What’s the difference between a ‘bid spotter’ and a ‘bid assistant’ at your annual gala? Usually, several thousand dollars. I like to think of the old adage, “I’m not rich enough to buy cheap shoes”.
While many organizations see the no-fee volunteer bidspotter as a benefit to the gala’s bottom line, the truth is that most of these well-meaning volunteers (most of whom you begged to help) have little to no impact on the gross proceeds generated in a live auction and special appeal. In fact, they can actually cost you money.

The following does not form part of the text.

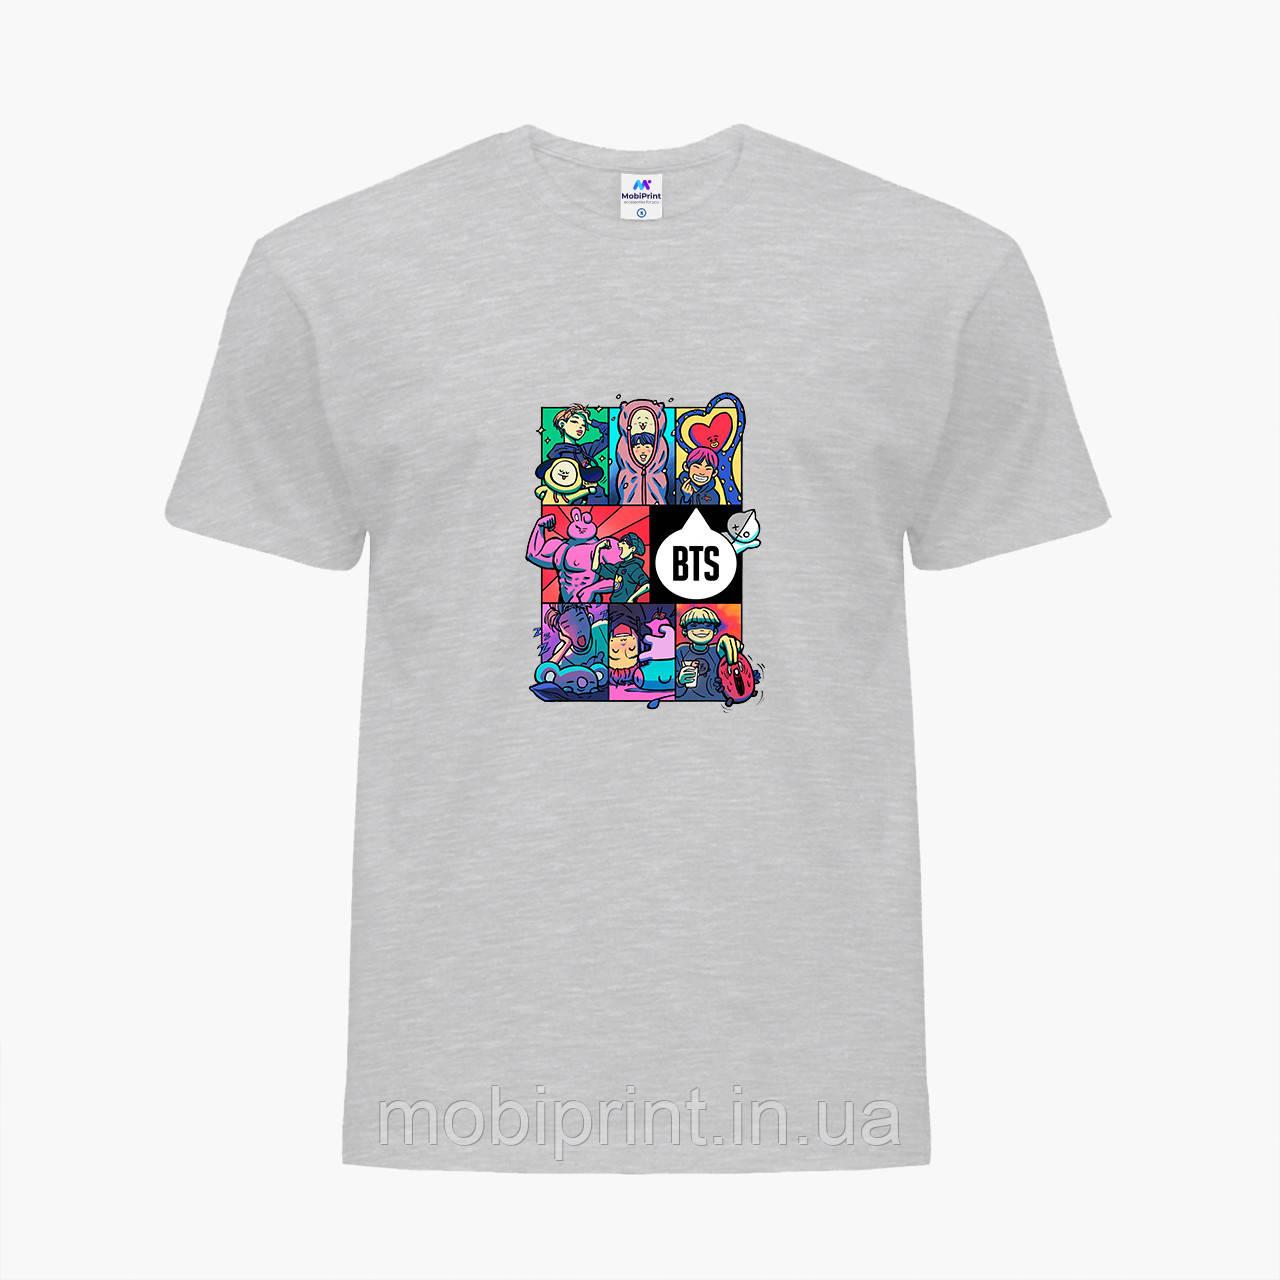 Детская футболка для девочек БТС (BTS) (25186-1078) Светло-серый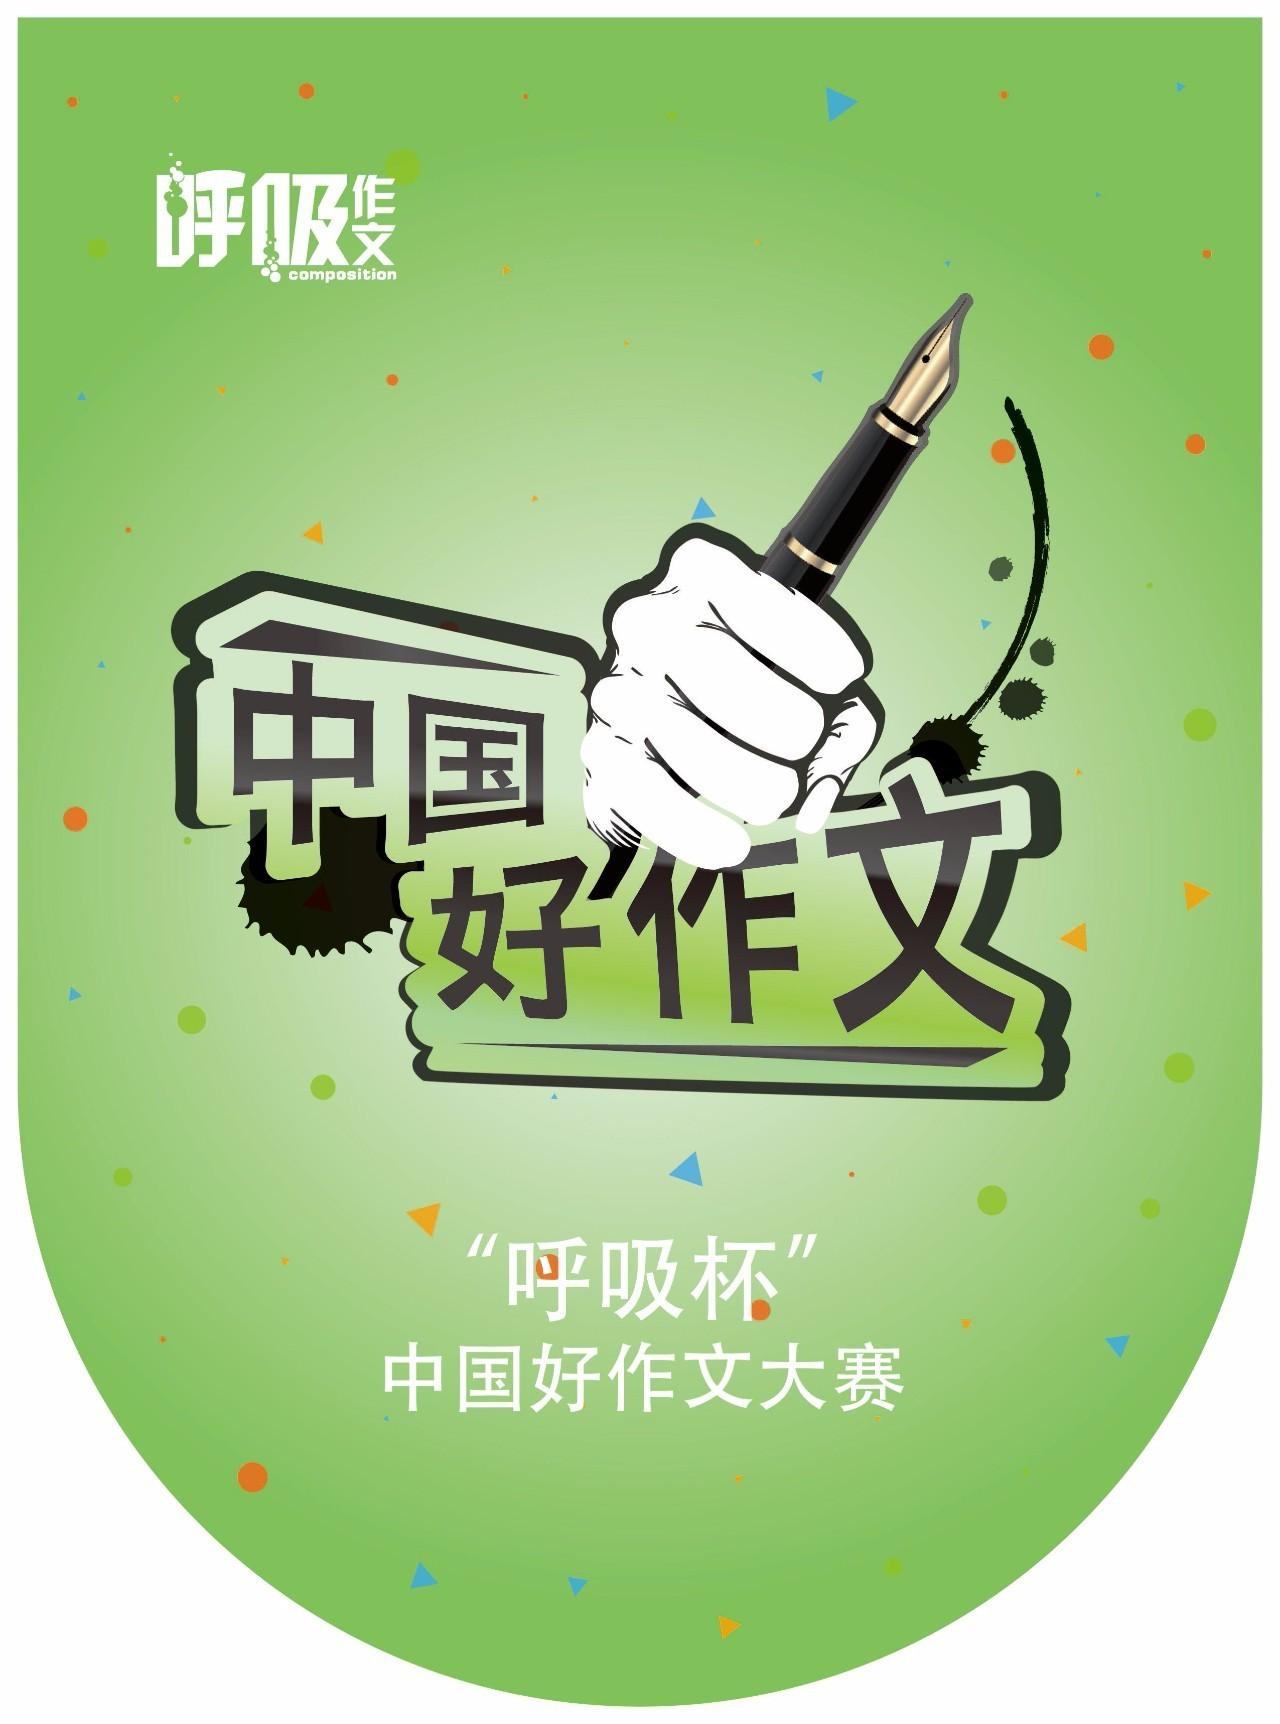 中国好作文_第四届中国好作文大赛即将开始,晋级小秘诀只告诉你!

A bidspotter is usually just that: a person who stands yards away from a bidder and waves their hand at the auctioneer to make sure that the bidder is recognized. That’s it. They ‘spot’ the bidders. The difference between a spotter and an assistant is this: the bid assistant knows how to encourage a bidder to give more, and at the same time, will actively seek out competing bidders, encouraging both bidders to want to win the competition! In professional auction parlance, a bid assistant is called a Ringman (yes, many ladies are ringmen, too!). There are national competitions where winning ringmen earn a LOT of money, along with lucrative contracts to travel nationwide, working sales for automobiles, heavy equipment, benefits and charities and other types of auctions.
Volunteers are not as dynamic, definitely not as vocal, and have no experience in reading an auction bidder’s body language. They tend to hang out near their friends, and aren’t attune to bidder tendencies.
While hiring a professional ringman or bid assistant may cost money, the impact they make on an auction is immeasurable. At a recent benefit, I watched two professional ringmen, each encouraging their bidder, bring a level of competition to bidding on a single item that was valued at $15,000 to a sale price of $50,000! Had those two professionals not been there, the level of excitement would have NEVER continued at that level, and the item would have sold for tens of thousands less. Did the investment in professionals pay off? You bet! How many professionals do you need? It depends on the size/layout of the room, but a good starting point is 1 per 100, and the ratio goes down as crowd size goes up. So if you’ve got an event with 100 people, 1 or 2 will be fine. If you’ve got an event with, say, 500 attendees, maybe 3; at a recent gala with 1,000 people, we had four who covered the room expertly (but they were all top-shelf, experienced guys!).